When designing a website, it’s important to make sure that the size of images are relative to the dimensions of the screen being used; doing so can mean that websites load faster, while also cutting down problems with resolution and images loading in too large a format for users. To make these jumps in filesize relative to different screen dimensions, it’s important to consider the resolution and pixel density for individual images, as well as how reducing image size and using CSS media queries can help you with your custom website development.
Loading pages with images that haven’t been optimized can cause problems if the size given for an image isn’t suitable for the size of the screen being used. If there are no maximum heights or widths set within the code for a site, pages can end up with images that are either too slow to load, or that end up being stretched across a page. In this context, it’s important to pay attention to image size specifications, and ways for enabling different browsers and devices to recognize what size an image should be.
The first approach you can take to ensure that an image is the right size and resolution for average screen sizes is to edit down larger formats in picture editors such as Photoshop and other applications. Having an optimized image means that a page will load faster; you can also choose to add attributes to an image that will preserve aspect ratios when resized, which will prevent distortion and enables your site to look proportionate.
Selecting the right image format for different screen sizes and dimensions is also important. Gif files made up of grids of pixels are among the most common options that you can take, as are .jpegs, which are more common for photographs and images with a lot of colors. You can also .png files that can handle larger amounts of color, while still being compressible. When adding images to your website, you can set basic and alternative size types for browsers to recommend, which can enable different amounts of space to be allocated on a screen.
Some internet browsers will automatically resize an image to the size of the screen being used, but will compress some images, with a risk existing for distortion. The automatic resizing of photos on the side of an external server means that you lose control over specifying exactly how you want an image to appear on your site, and can result in a loss of resolution when viewed live.

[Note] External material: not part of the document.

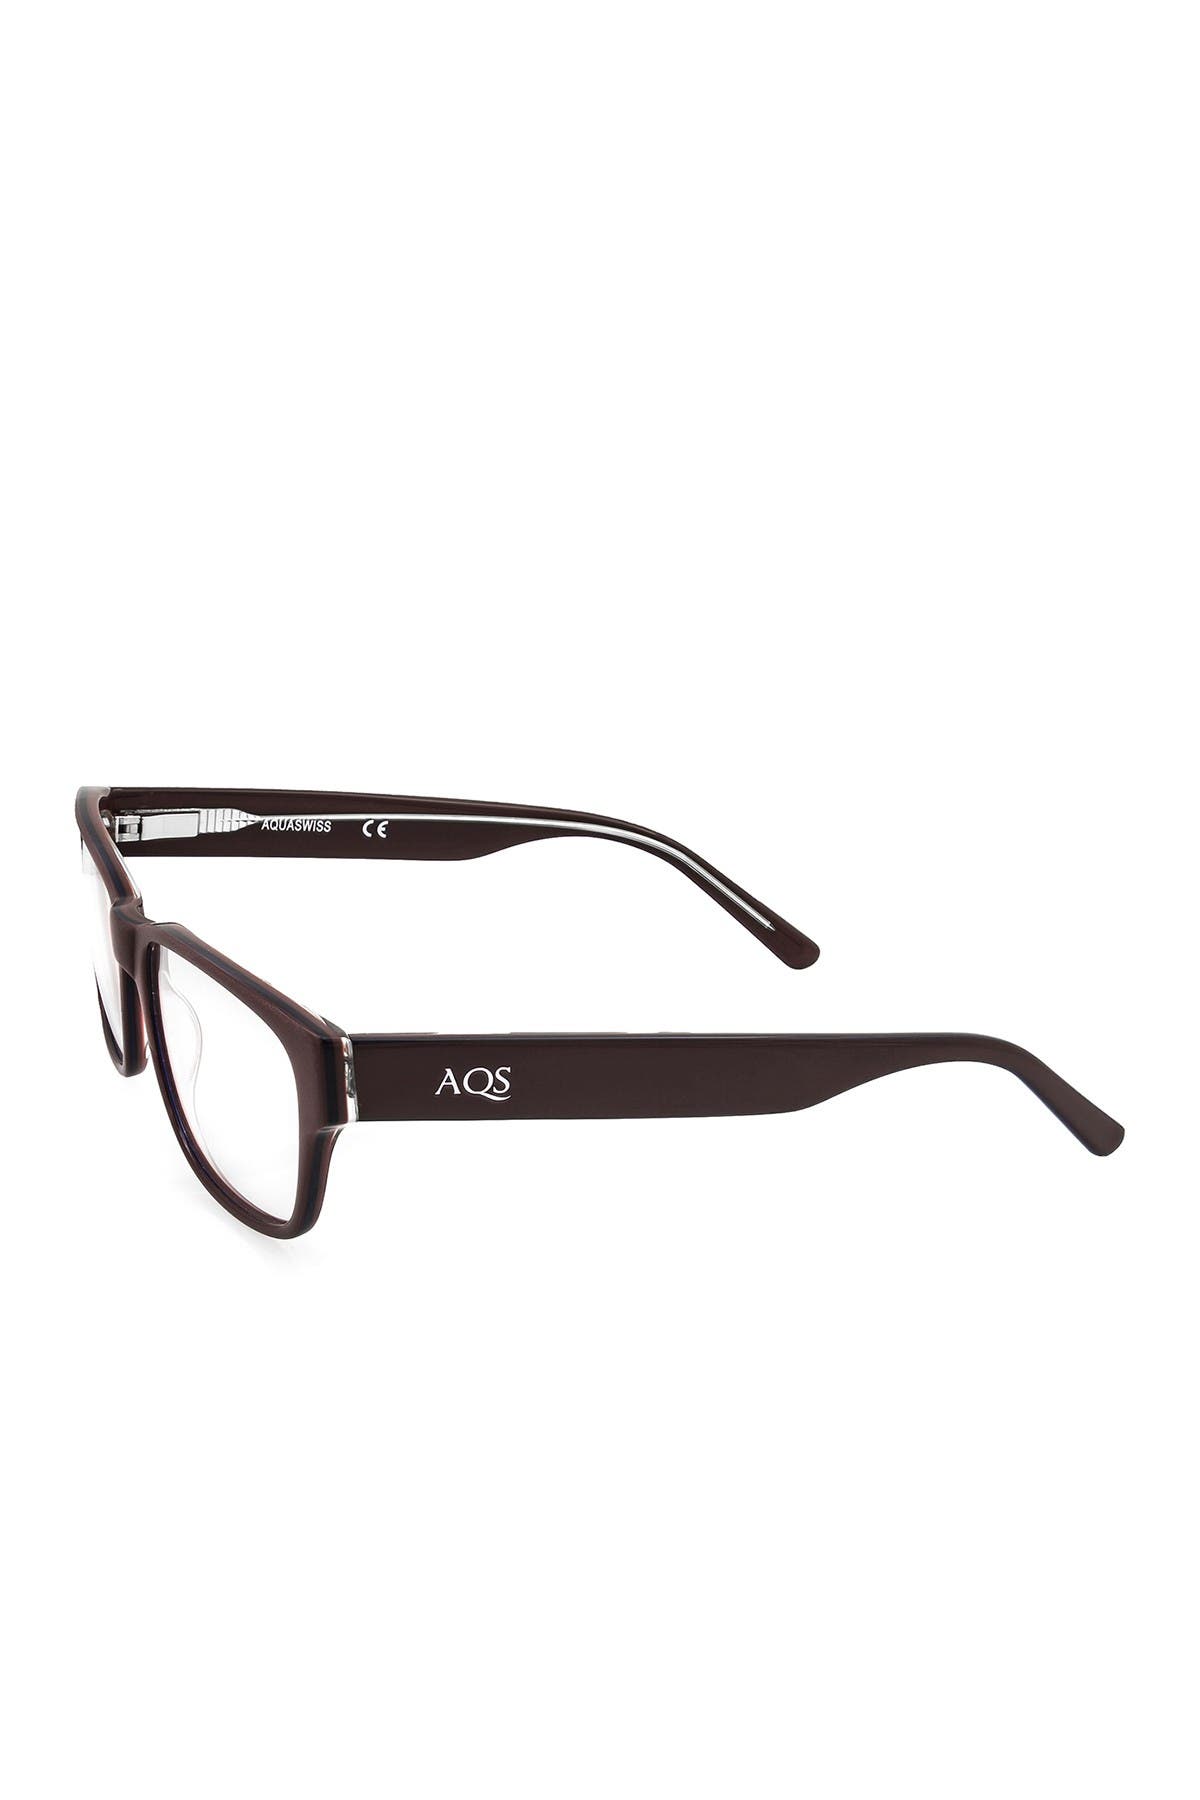 Aqs 54mm Dexter Rectangular Optical Glasses

Another approach that you can take to resizing image files for different screen sizes involves using media queries in CSS and aspects of responsive design; in this context, media queries will resize parts of a page to meet the demands of different media and screen sizes, with maximum heights and widths set. As a result, browsers should be able to recognize when a page is being viewed on a particular screen.
Background images for websites can also be set with specific sizes and pixel ratios that will reproduce the same effects across different devices. For foreground images, it can also be possible to use Scalable Vector Graphics when programming a page and setting up its attributes. SVG is a particularly useful approach to take, as it will convert graphics in an XML format, allowing for zooming and resizing without a substantial loss of quality.
Adding in this flexibility for images on different screens means that browsers don’t have to work as hard to load pages that have particularly large images, reducing the bandwidth that you need to use; doing so means that you’re more likely to have a smooth user experience, and that you can make your website appear consistent on a wider range of different devices.